Why this is important?
Decommissioned pipes are a potential source of contamination to the surrounding ground, and in the long term to the water table, as well as contributing to environmental pollution. This could be in the form of metal pipe corrosion or lead contamination from the lead pipe.
If RPS guidelines are not followed, the Environment Agency has the authority to take action against a company responsible for the pipework and the company responsible for its safe decommissioning.
If left unchecked?
The environmental pollution aspect is significant and leaving them in the ground also undoes the good work of taking faulty, under-performing or dangerous pipes out of commission.
Pipe pulling removes the old pipework from the ground thereby eliminating the potential environmental pollution, as well as enabling the recycling and scrap value recovery of the old pipe.

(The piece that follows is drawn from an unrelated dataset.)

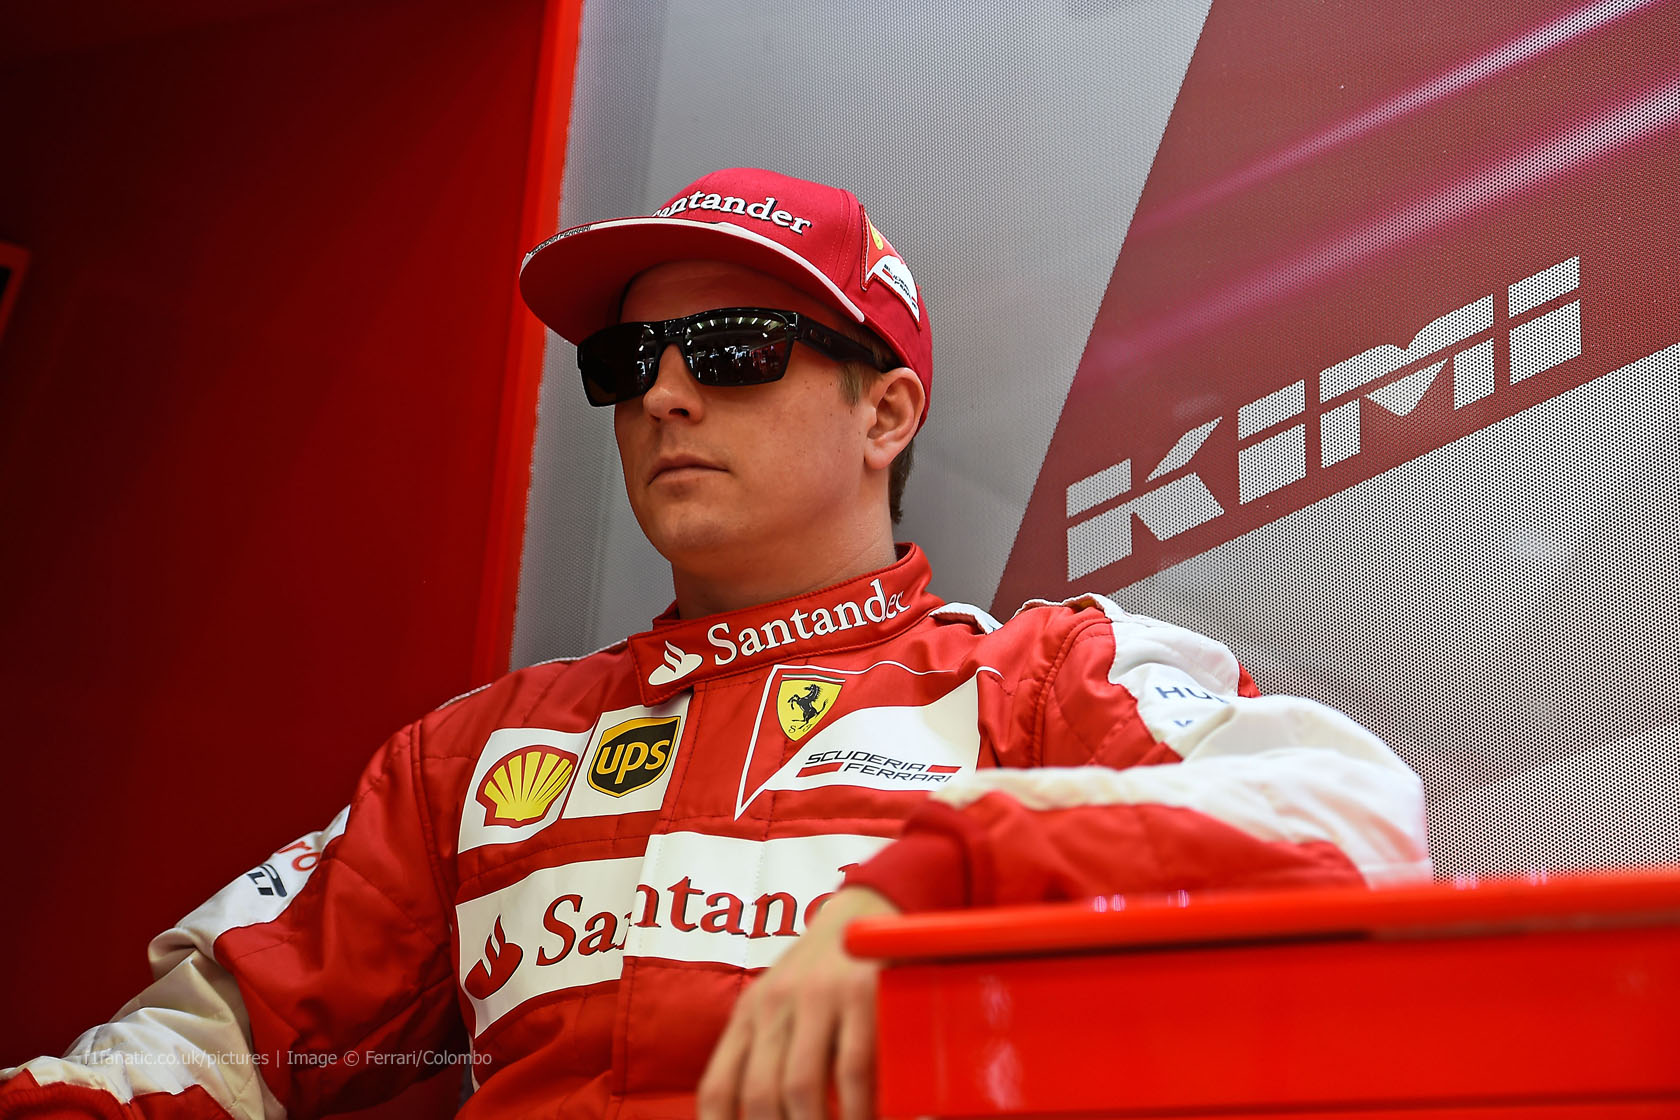 Kimi Raikkonen, Ferrari, Bahrain International Circuit, 2015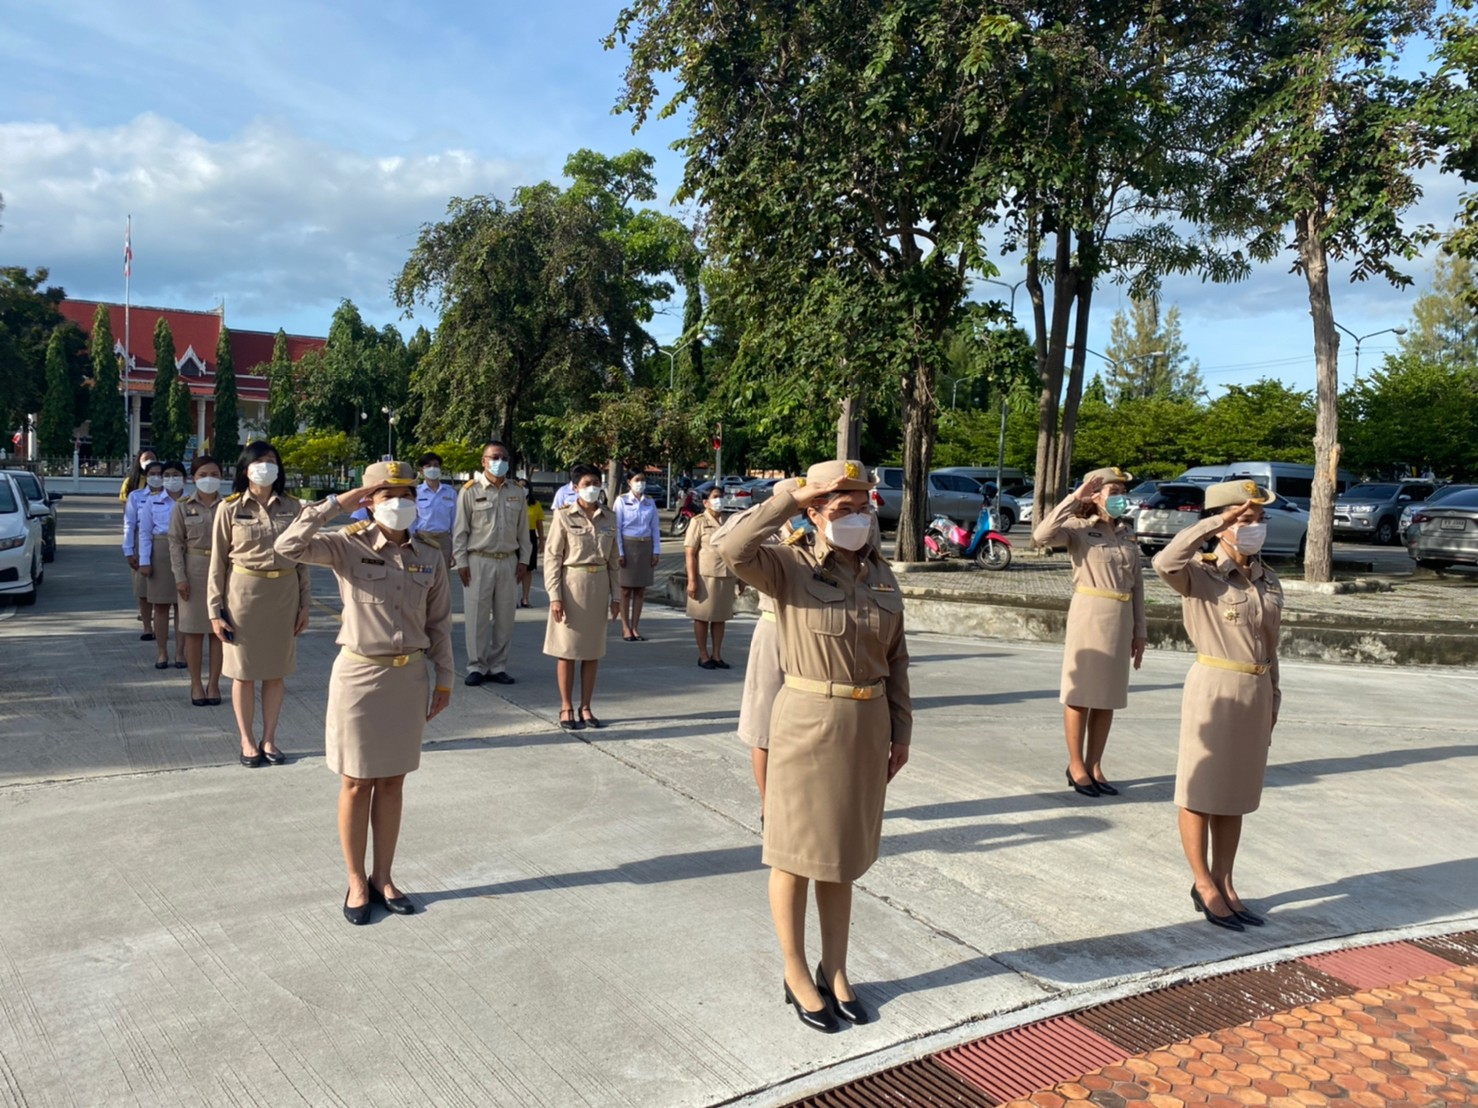 แรงงาานจังหวัดประจวบคีรีขันธ์ ร่วมกิจกรรมเนื่องในวันพระราชทานธงชาติไทย 28 กันยายน (Thai National Flag Day) ประจำปี 2564

Decommissioning of old pipes would not then be bound by the RPS8 rules.
In the United States, it is estimated there are around 7 million lead pipes, totalling 65,000 miles of lead. If the average size of lead pipe is ¾” (internal bore), this has a specification of ¾” 11lbs lead pipe.
One foot of lead pipe weighs 11 lbs or 5 kgs and is 15 metres in length, this equates to an astronomical 3.8billion lbs of lead (1.72 million tonnes). The average scrap value of lead is approx. US$ 0.75 per lbs (£1,350 per tonne). Therefore, potential scrap value of lead pipe in US is $2.5 – 3bn.
Do we want to leave this in the ground to pollute the environment when it is worth almost US$3bn in scrap value alone?